The following code: the generated core file is stored in the/DATA/COREDUMP/WD, not the same directory as the executable file.
You can change the storage location of the Coredump file by using the following command, if you want to build the core file into the/data/coredump/core directory:
echo "/data/coredump/core" >/proc/sys/kernel/core_pattern
Note that the current user must have write permission to the/proc/sys/kernel/core_pattern.
By default, the core file produced by the kernel at Coredump is placed in the same directory as the program, and the filename is fixed to core. Obviously, if multiple programs produce core files, or if the same program crashes multiple times, the same core file is overwritten repeatedly, so it is necessary to name the core files generated by different programs separately.
By modifying the kernel parameters, we can specify the file name of the Coredump file that the kernel generates. For example, use the following command to enable kernel to generate a core dump file with the name Core.filename.pid format:
echo "/data/coredump/core.%e.%p" >/proc/sys/kernel/core_pattern
After this configuration, the resulting core file will have a crash program name, along with its process ID. The%e and%p above will be replaced with the program file name and the process ID.
If you include the directory delimiter "/" in the file name above, the resulting core file will be placed in the specified directory. It should be explained that there is a coredump-related setting in the kernel, which is/proc/sys/kernel/core_uses_pid.
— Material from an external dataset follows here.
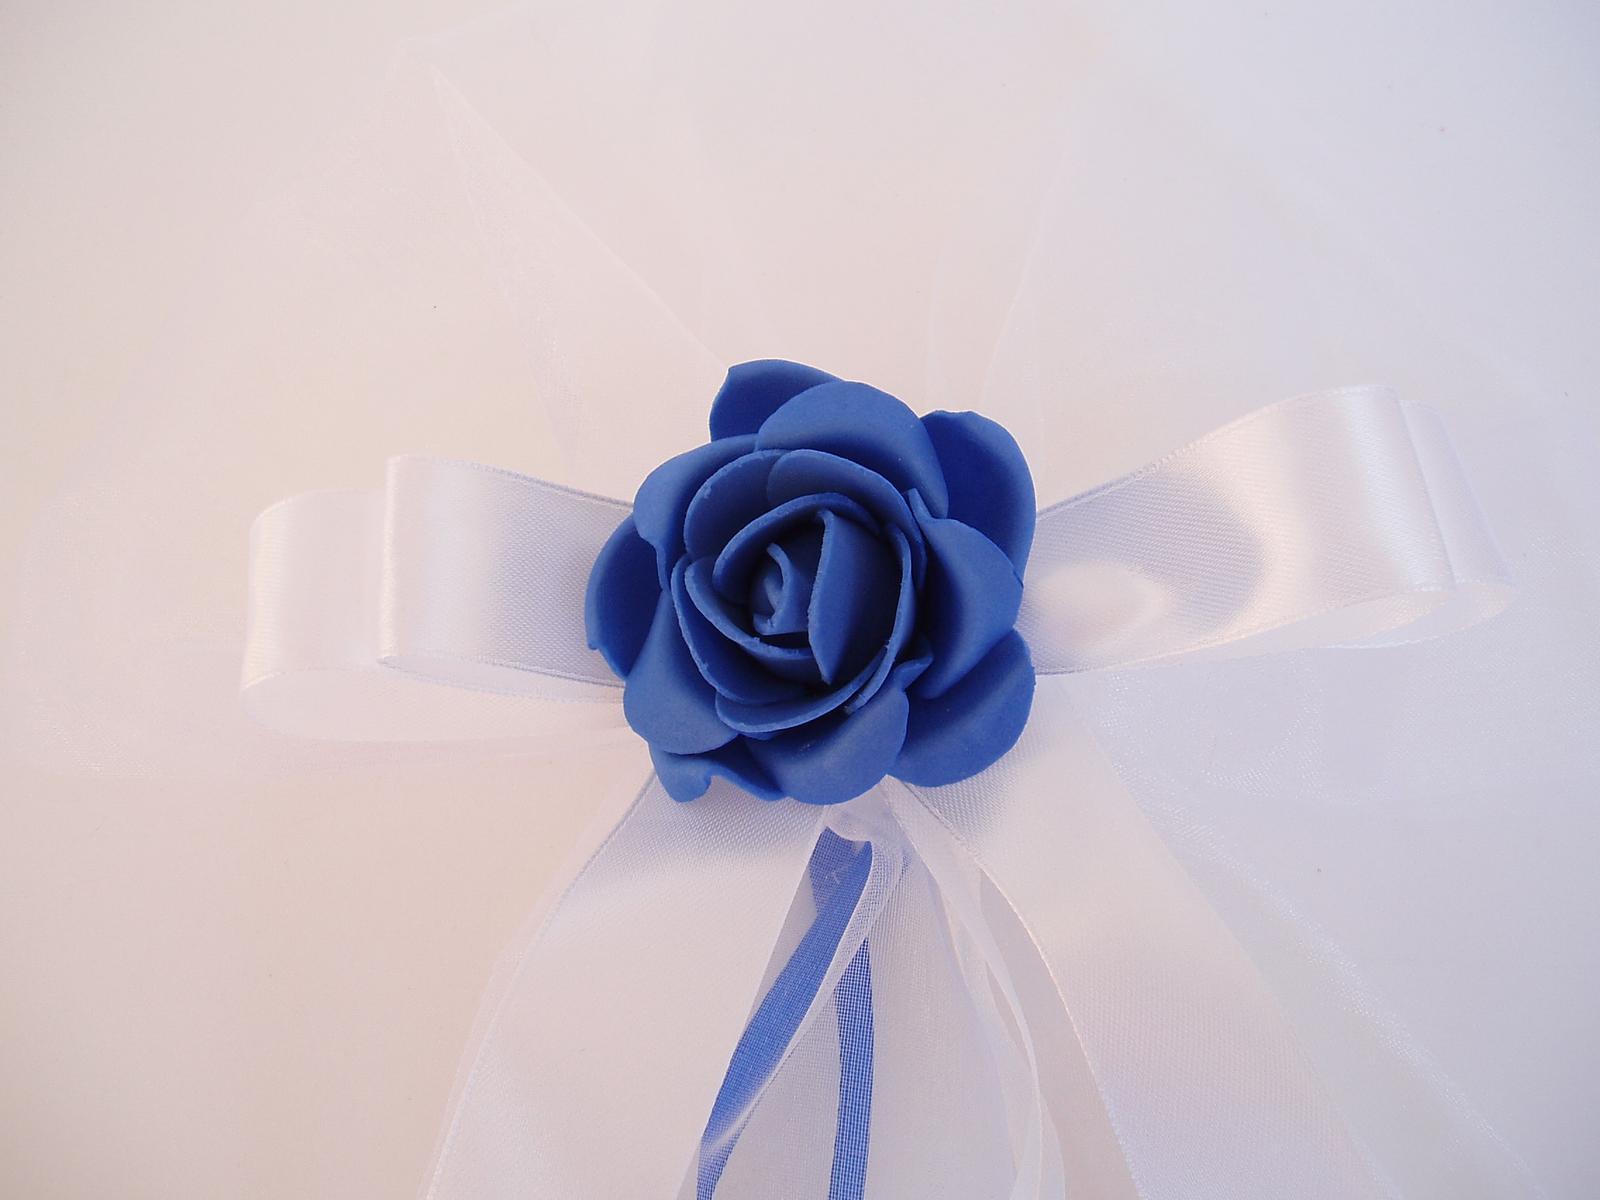 mašle na zrcátka -modrá - Obrázek č. 1

If the contents of this file are configured to be 1, the final generated core dump filename will still be added to the process ID, even if the%p is not set in Core_pattern.
third, how to judge a file is a coredump file.
In Unix-like systems, the main format of the Coredump file itself is also the elf format, so we can judge by the readelf command.
You can see that the Type field of the Elf file header is: core (core file)
You can quickly judge with a simple file command:
Four, some conditions of producing coredum are summarized
1, create coredump conditions, first need to confirm the current session Ulimit–c, if 0, then will not produce corresponding coredump, need to modify and set.
Ulimit-c Unlimited (can produce coredump and is not limited by size)
If you want to even the corresponding character size, you can specify:
ulimit–c [Size]
It can be seen that the size of this unit is blocks, general 1block=512bytes
Such as:
Ulimit–c 4 (Note that if the size here is too small, it may not produce the corresponding core file, the author set up Ulimit–c 1, the system does not generate core files, and tried to 1,2,3 can not produce core, at least 4 to generate core files)
However, the current set of Ulimit is only valid for the current session, and if you want the system to work, you need to set the following:
Ø Add the following line to/etc/profile, which will allow the generation of coredump files
Ulimit-c Unlimited
Ø Add the following line to the rc.local, which will cause the Coredump file generated when the program crashes is located under the/data/coredump/directory:
Echo/data/coredump/core.%e.%p>/proc/sys/kernel/core_pattern
Note rc.local in different environments, stored directories may be different, susu may be in/etc/rc.d/rc.local
More Ulimit commands to use, can refer to: http://baike.baidu.com/view/4832100.htm
These require root permissions, and each time you reopen the interrupt under Ubuntu you need to re-enter the Ulimit command above to set the core size to infinity.
2, the current user, that is, the user executing the program has write permission to write to the core directory and sufficient space.
3, several scenarios that do not produce core files:
The core file won't be generated if
(a) The process was Set-user-id and the "Current user" not "owner" the program file, or
(b) The process was Set-group-id and the "current user" is not the group owner of the file,
(c) The user does not have permission to write in the current working directory,
(d) The file already exists and the user does not have permission to write to it, or
(e) The file is too a (recall the Rlimit_core limit in section 7.11). The permissions of the core file (assuming that the file doesn ' t already exist) are usually and User-read, user-write Ough Mac OS X sets only user-read.
Five, several possible situations arising from coredump
There are many reasons for the program Coredump, here is a summary of some of the more commonly used experience bar:
1, memory access out of bounds
A) array access is out of bounds due to the use of incorrect subscript.
b When searching for a string, the string terminator is used to determine whether the string ends, but the string has no normal use of a terminator.
c) Use string manipulation functions such as strcpy, Strcat, sprintf, strcmp,strcasecmp to read/write the target string to the burst. Functions such as strncpy, strlcpy, Strncat, Strlcat, snprintf, strncmp, strncasecmp, etc. should be used to prevent reading and writing from crossing boundaries.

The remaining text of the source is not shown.